Wow what a game, I though the Colts were going to get stomped but what a come back. Way to go colts.


----------



## skippershe (May 22, 2006)

Whoo Hoo!!!! Colts all the way!!


----------



## hatcityhosehauler (Feb 13, 2004)

Hey, after that comeback, they deserved to win.

Tim


----------



## johnp (Mar 15, 2004)

hatcityhosehauler said:


> Hey, after that comeback, they deserved to win.
> 
> Tim


I'll second that










John


----------



## Calvin&Hobbes (May 24, 2006)

Ugh. What a game. The upside is, at least Manning isn't obnoxious about kicking our rear ends. Ugh.


----------



## Thor (Apr 7, 2004)

There was a football game - I was too busy watching a CFL game









Thor


----------



## NJMikeC (Mar 29, 2006)

I've always liked the Pats because they have always stomped the Jets!

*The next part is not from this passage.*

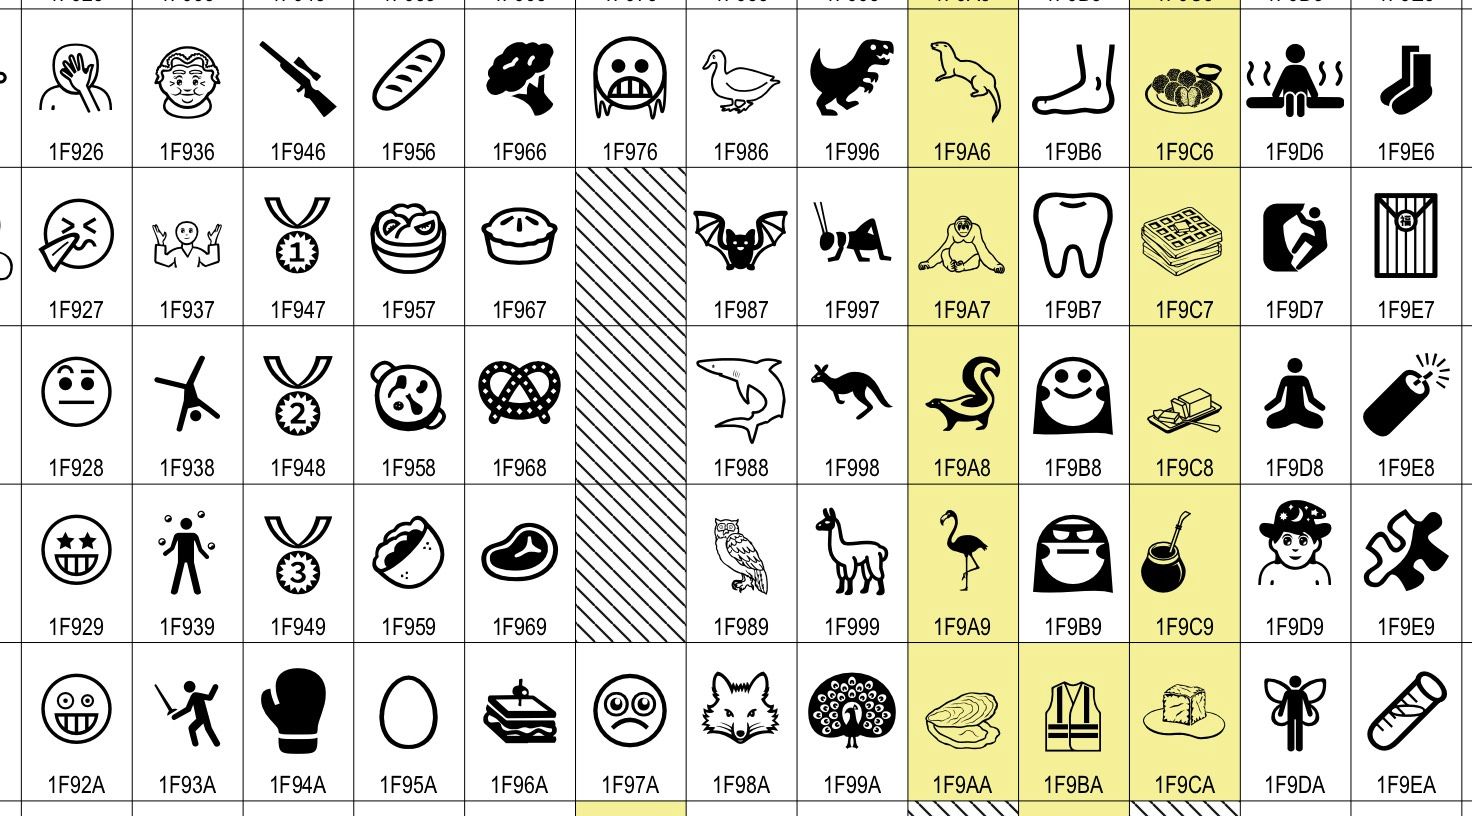 Unicode

I did root for the Colts yesterday though. Maybe little nit wit brother Eli could take some motivation from big brother Peyton and bring the Giants another Super Bowl.


----------



## wolfwood (Sep 19, 2005)

hatcityhosehauler said:


> Hey, after that comeback, they deserved to win.
> 
> Tim


Yes. Yes, they did...









Congrats to you Colts (and Bears) fans!


----------



## jlbabb28 (Feb 27, 2006)

wolfwood said:


> Hey, after that comeback, they deserved to win.
> 
> Tim


Yes. Yes, they did...









Congrats to you Colts (and Bears) fans!
[/quote]

Sorry for your loss Judi







I know you wanted them there, but the Colts wanted it more.

Jeff


----------



## California Jim (Dec 11, 2003)

And the monkey finally steps off Manning's back.


----------